=== DATASET CONTENT ===
══════

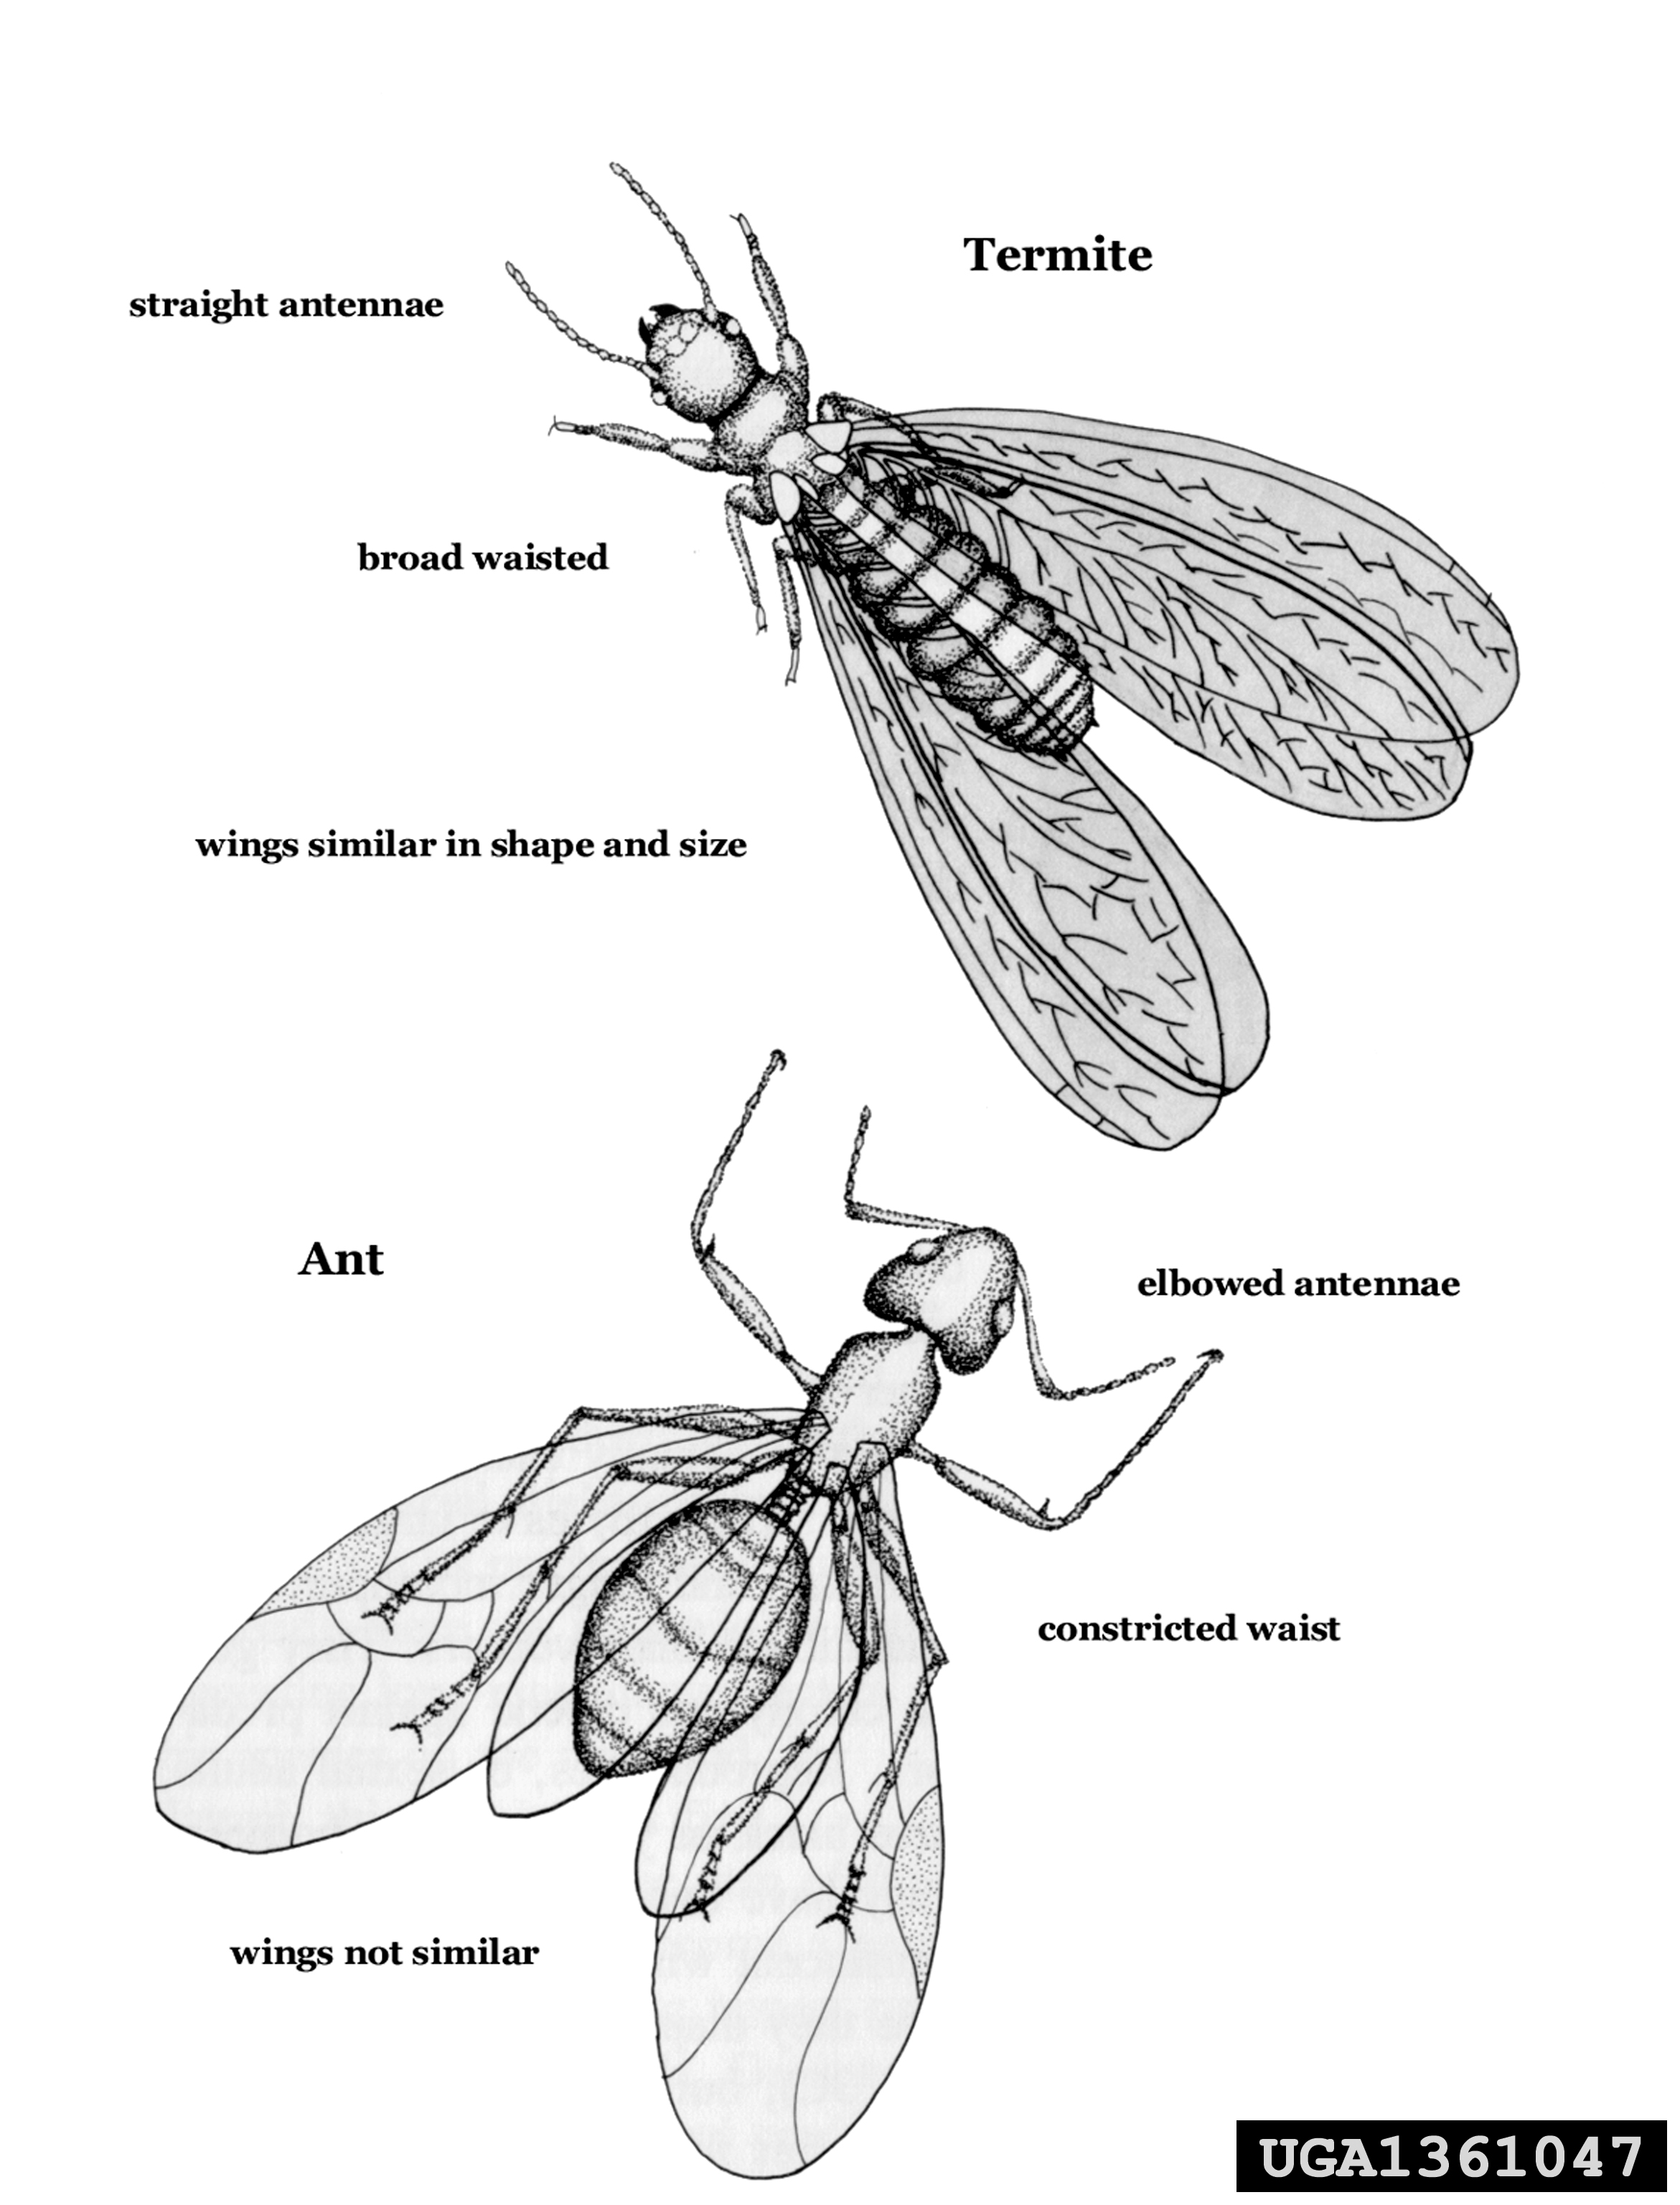 Termite Vs Ant Illustration
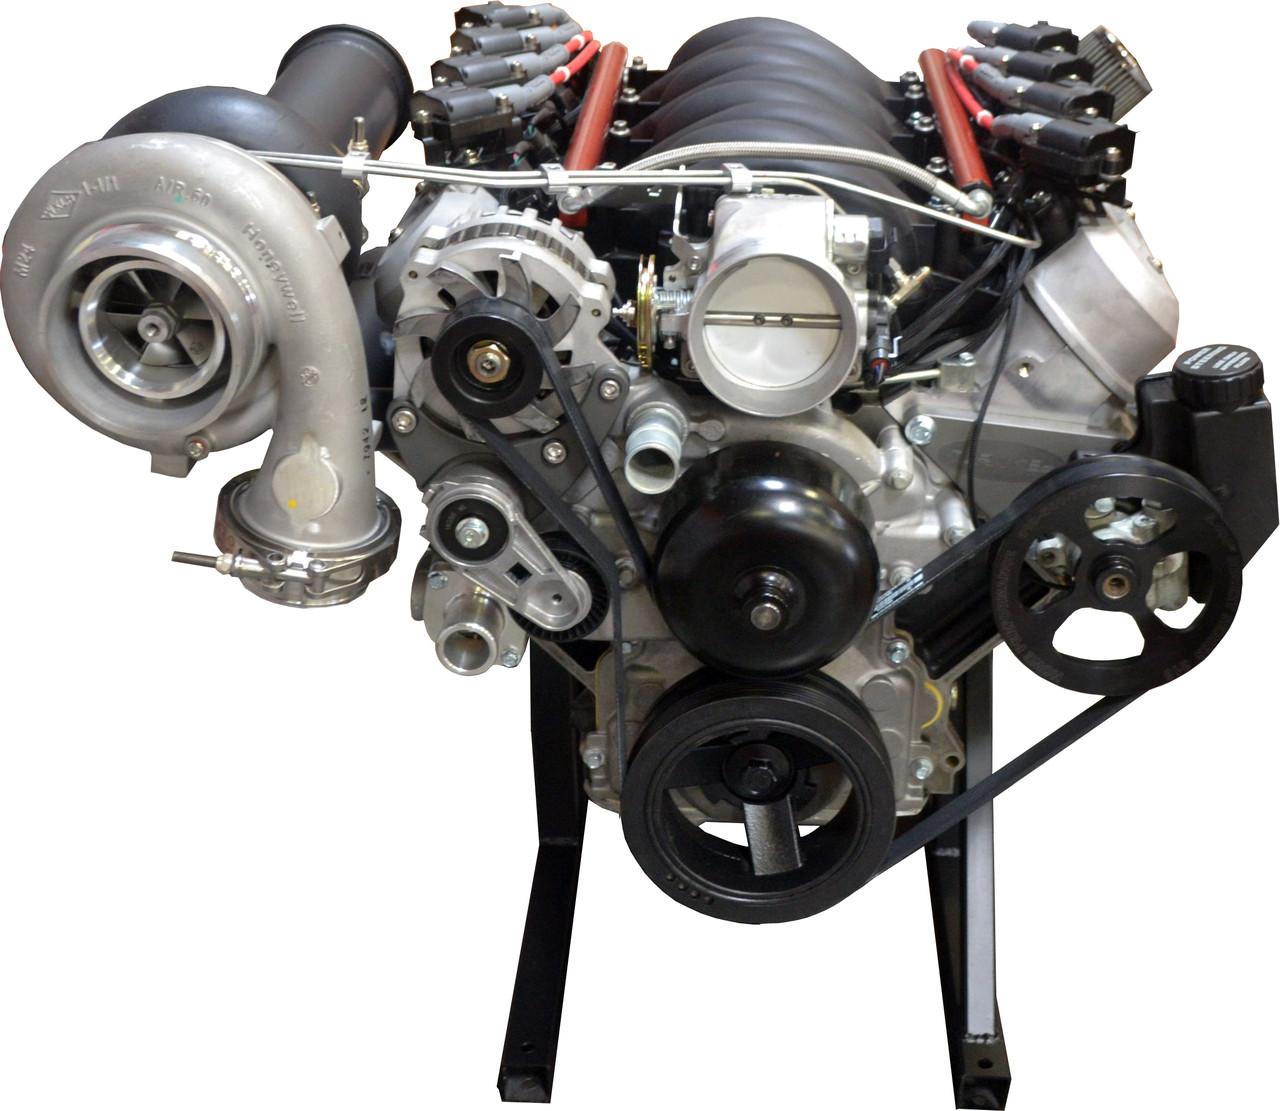 Turn Key Engine LSX 415 C I Turbo 850 HP Engine Assembly - Street
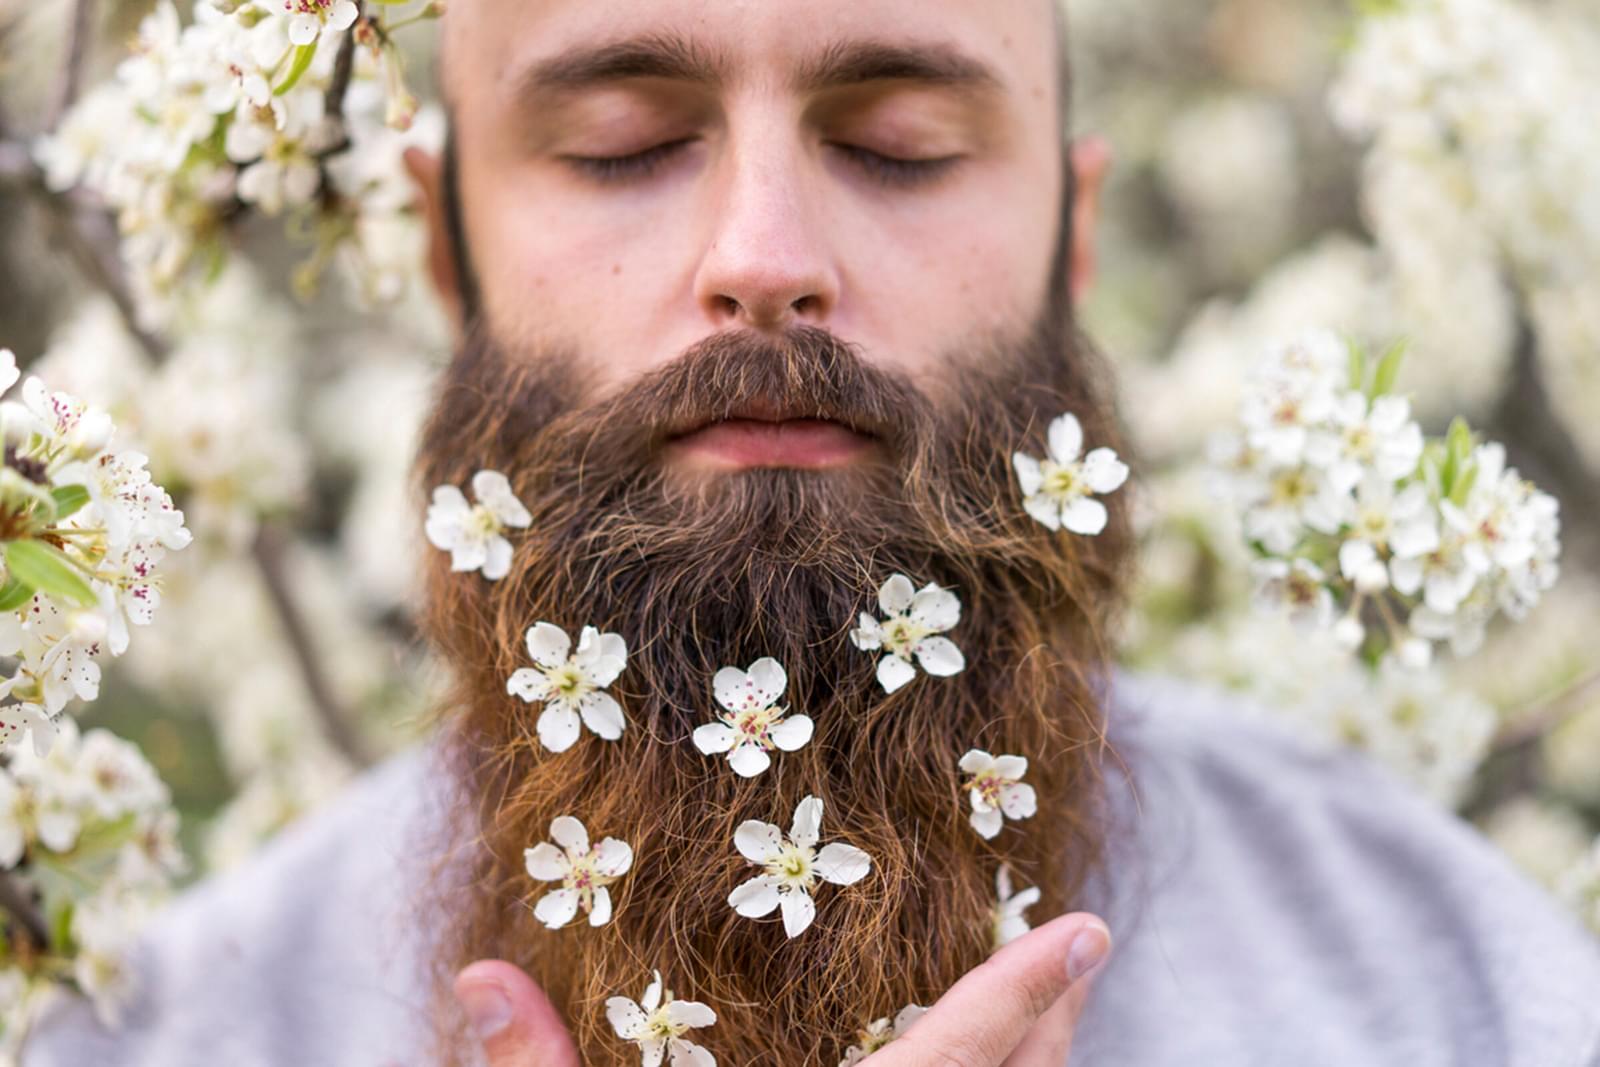 Bearded gentlemen in a sleeping pose with flowers in his beard

══════

=== ASSIGNED TASK ===
Repeat word for word only the lines from the line holding "Turn Key Engine" to the final line of the material, both included. Don't carry over any picture.

=== TASK ANSWER ===
 Turn Key Engine LSX 415 C I Turbo 850 HP Engine Assembly - Street
 Bearded gentlemen in a sleeping pose with flowers in his beard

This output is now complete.